Cardiothoracic surgery residency takes between 6 and 8 years after medical school, depending on which training pathway you follow. It is one of the longest training tracks in medicine, and the total timeline can extend further if you pursue subspecialty fellowships or dedicated research years.
The Three Main Training Pathways
There are three distinct routes to becoming a board-eligible cardiothoracic surgeon, each with a different total length and structure.
Traditional Pathway (7 to 8 Years)
The traditional route starts with a full 5-year general surgery residency. After completing that and becoming eligible for general surgery board certification, you then enter a cardiothoracic surgery fellowship lasting 2 or 3 years. A 2-year fellowship requires you to complete at least 250 major cardiothoracic cases, while a 3-year fellowship requires 375. This path totals 7 or 8 years of postgraduate training and has been the standard for decades.
Integrated I-6 Pathway (6 Years)
The integrated pathway, often called the I-6, compresses training into 6 years by blending general surgery and cardiothoracic surgery from the start. Rather than completing a full general surgery residency first, you rotate through general surgery, cardiothoracic surgery, and related specialties like interventional cardiology, interventional radiology, endovascular surgery, oncology, and pulmonary medicine throughout the program. The goal is total immersion in cardiovascular and thoracic disease from day one. You need 375 major cardiothoracic cases across your final three years of training (years 4 through 6) to meet board requirements.

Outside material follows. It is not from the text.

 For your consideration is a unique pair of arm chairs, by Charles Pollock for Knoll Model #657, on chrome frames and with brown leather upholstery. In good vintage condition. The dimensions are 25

I-6 programs are competitive. They appeal to medical students who already know they want cardiothoracic surgery and don’t want to spend five years in general surgery before pivoting. The tradeoff is that you won’t be independently board-certified in general surgery.
Joint 4+3 Pathway (7 Years)
The 4+3 pathway is a hybrid. It’s a 7-year program that leads to board eligibility in both general surgery and thoracic surgery. You spend 4 years focused primarily on general surgery, then transition into 3 years of cardiothoracic training. The Accreditation Council for Graduate Medical Education (ACGME) oversees these programs, and you need 250 major cardiothoracic cases during years 4 through 7. This route shaves a year off the traditional path while still giving you dual board eligibility.

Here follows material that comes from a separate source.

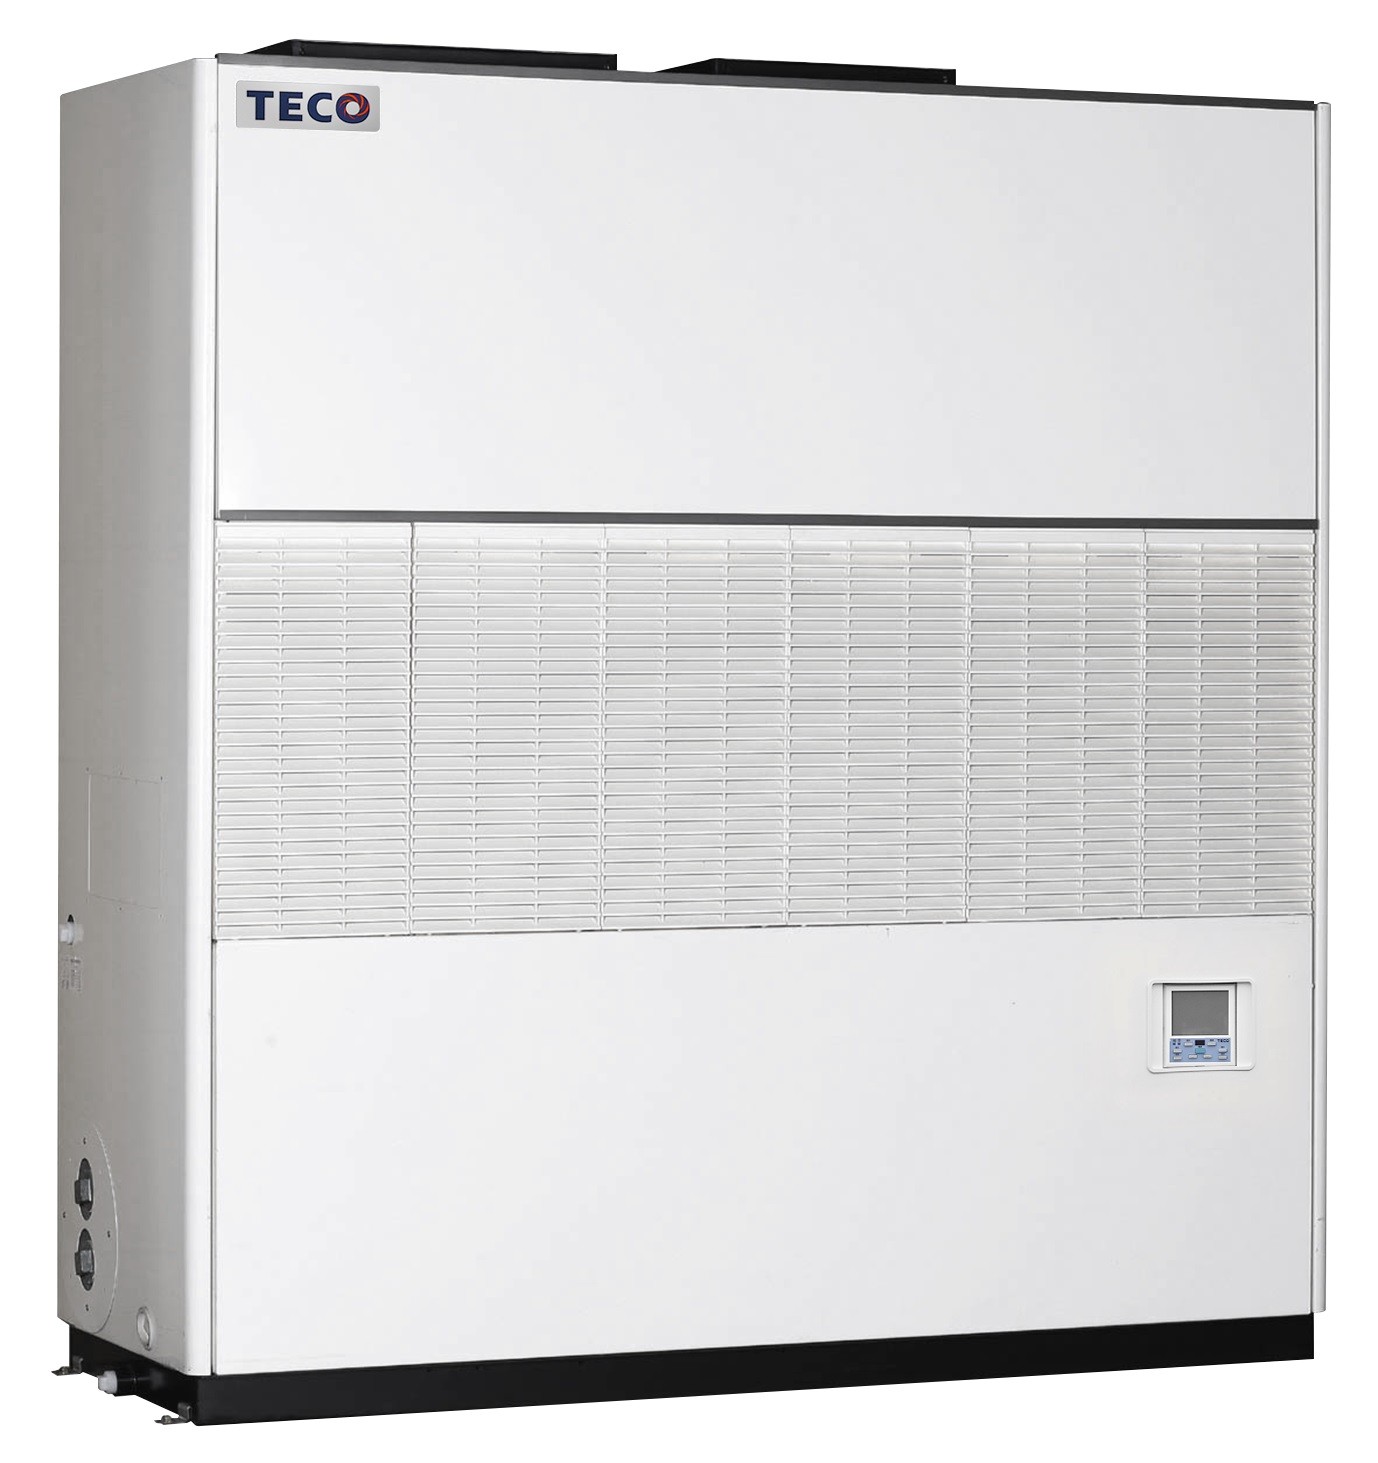 Smart Dual-power Generation System Water-cooled Inverter Commerical ACs / TECO ELECTRIC & MACHINERY CO., LTD.

How Subspecialties Add Time
Some cardiothoracic surgeons pursue additional fellowship training after residency. Congenital heart surgery, which focuses on repairing structural heart defects in children, recently transitioned from a 1-year to a 2-year fellowship requirement starting in 2023. Program directors and graduates had recognized that the old 1-year model offered only a brief overview, and the longer curriculum better prepares fellows for independent practice. Other subspecialty interests, like heart failure and transplantation, can also add 1 to 2 years.
Research years are another common extension. Many academic programs encourage or require 1 to 2 years of dedicated research, which pauses clinical training. If you factor in a research year and a subspecialty fellowship, total training after medical school could stretch to 10 or 11 years.
Case Volume Requirements for Board Certification
The American Board of Thoracic Surgery sets minimum operative requirements based on your training pathway. Every pathway requires an annual average of 125 major operations per year during the cardiothoracic-focused portion of training. The total minimums break down like this:
- 2-year fellowship: 250 cases across years 6 and 7
- 3-year fellowship: 375 cases across years 6 through 8
- I-6 integrated program: 375 cases across years 4 through 6
- 4+3 joint program: 250 cases across years 4 through 7
You also choose a specific pathway focus: cardiothoracic (the broadest), general thoracic (lungs, esophagus, chest wall), or cardiac. Your case numbers must meet the requirements entirely within one of these tracks.
What the Weekly Schedule Looks Like
Cardiothoracic surgery residency is one of the most demanding schedules in medicine. ACGME rules cap clinical and educational work at 80 hours per week, averaged over a 4-week period. That cap includes everything: time in the hospital, educational sessions, clinical work done from home, and any moonlighting.
In-house call nights can’t be scheduled more than every third night, also averaged over four weeks. At-home call doesn’t have that same restriction, but programs must ensure it isn’t so frequent that residents can’t get adequate rest. Everyone is guaranteed at least one full day free from clinical work and education per week, averaged over four weeks. In practice, many residents report that 80 hours feels like a floor rather than a ceiling, given the complexity and length of the operations they assist with and perform.
Comparing the Pathways at a Glance
- Fastest route: The I-6 integrated program at 6 years, but no general surgery board eligibility
- Most flexible: The 4+3 joint program at 7 years, with dual board eligibility
- Most established: The traditional 5+2 or 5+3 route at 7 to 8 years, offering full general surgery training before specializing
Your choice depends on how early you commit to cardiothoracic surgery, whether you want general surgery certification as a fallback, and which programs are available to you. All three pathways lead to the same board certification from the American Board of Thoracic Surgery, and none is considered inferior in terms of clinical preparation.